Warped

Warped

Thursday, 27 November 2014

Girl With Golden Eyes

I thought of whether I should write, or perhaps take a breather just for tonight. I guess the latter never appealed to me, so here I am. I had tonight all planned out, as it is every other night. But I don't think I can anymore, these pills are deteriorating my system and I feel it intensify each time I wake up to face a brand new day. I hate this week so much, I just want it to end. But who am I kidding to think maybe next week might be better. I want to feel alive, I want to know what happiness feels like again for I can hardly remember. Nothing more than a faint memory lies within me.
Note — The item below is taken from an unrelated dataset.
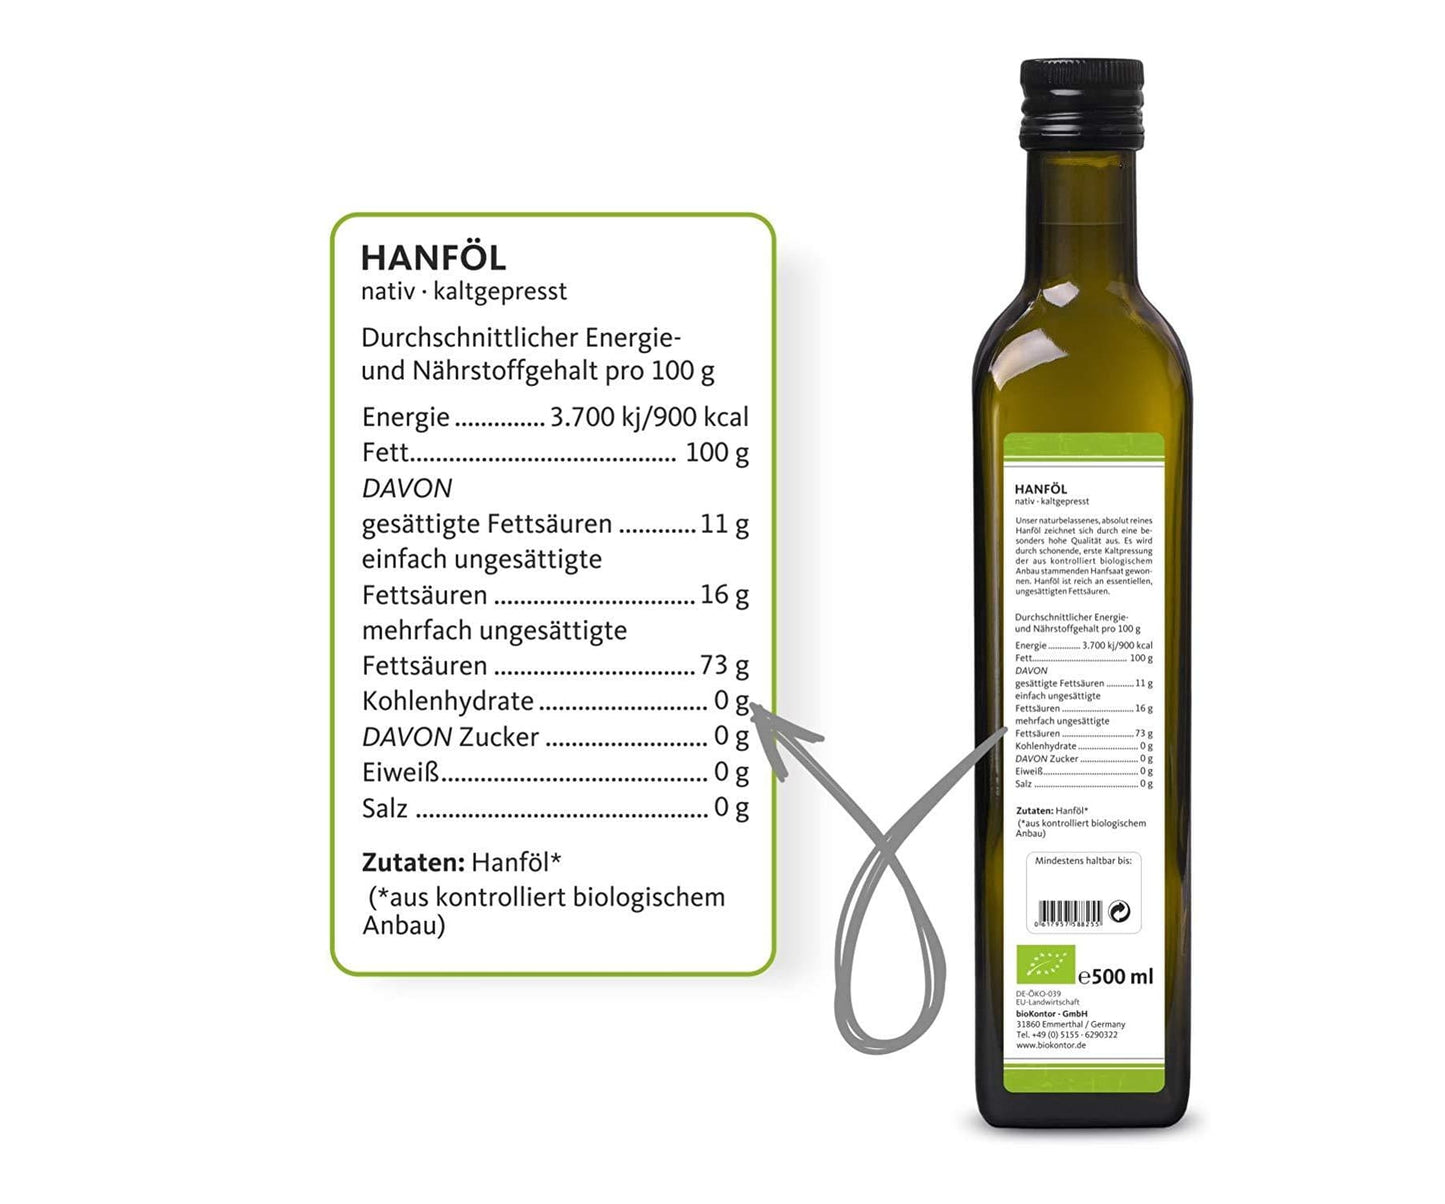 bioKontor - bioKontor BIO Hanföl - nativ kaltgepresst reich an Omega-3-Fettsäuren - 500ml
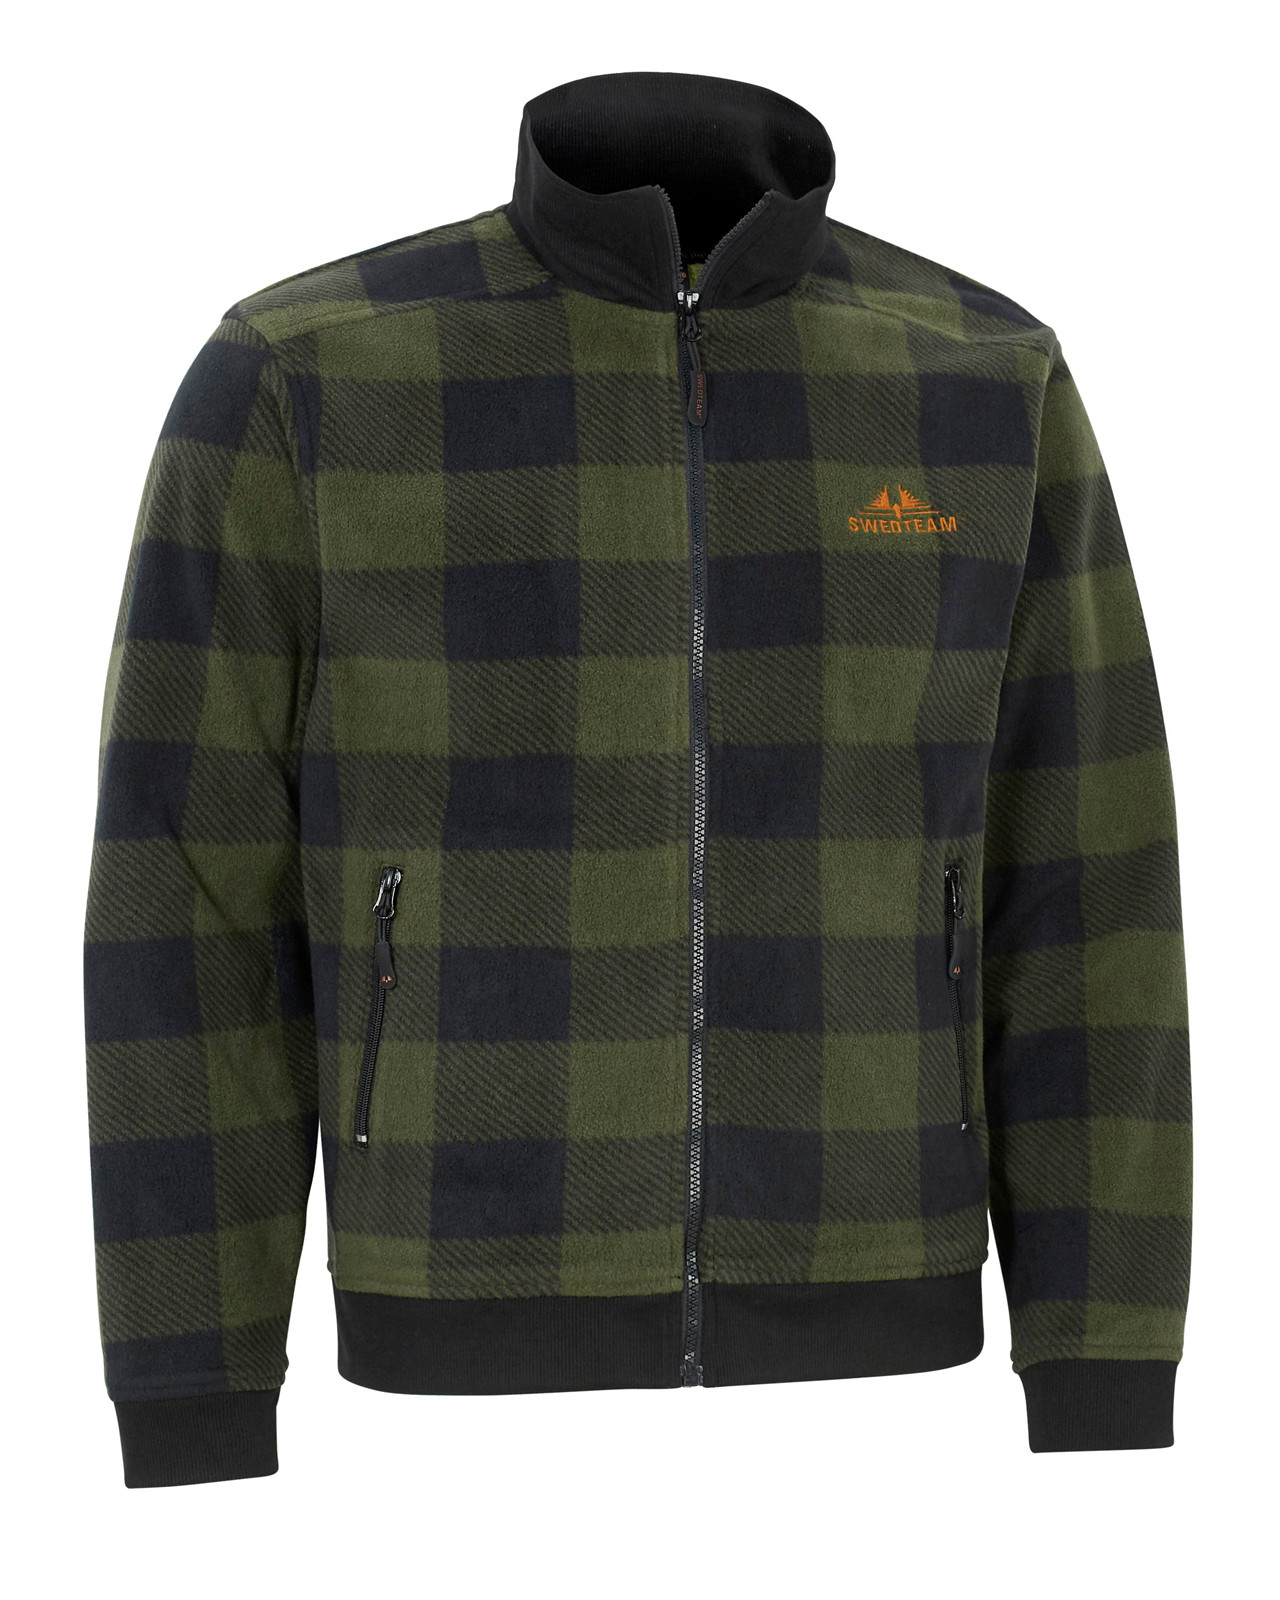 Se Swedteam Lynx sweater fullzip (Green, S) hos Specialbutikken

I can't help but think that all the odds are pointing to favor the fact that I have to face this on my own. I always knew the proximities of time would catch up with me someday, and now reality is crashing hard upon me. I just didn't think that the people I love the most would be taken away temporarily from me, all at once, and all together with my strength if I may add. What then do I have left to run on? I don't get it. There must be a reason for everything to pen out the way it has. There has to be a reason to have to go through so much shit and still fight on even when I have nothing left inside of me. If there exists no reason then it would be sensible to give up. But I can't, I still believe in a reason for everything. I don't have much left within me anymore. If it is true that our eyes are the windows to our souls and the lamps of our bodies', then my eyes must portray a dark destitute barren fuckin wasteland. I just want my friend back, even though it's clear I love her more than she loves me.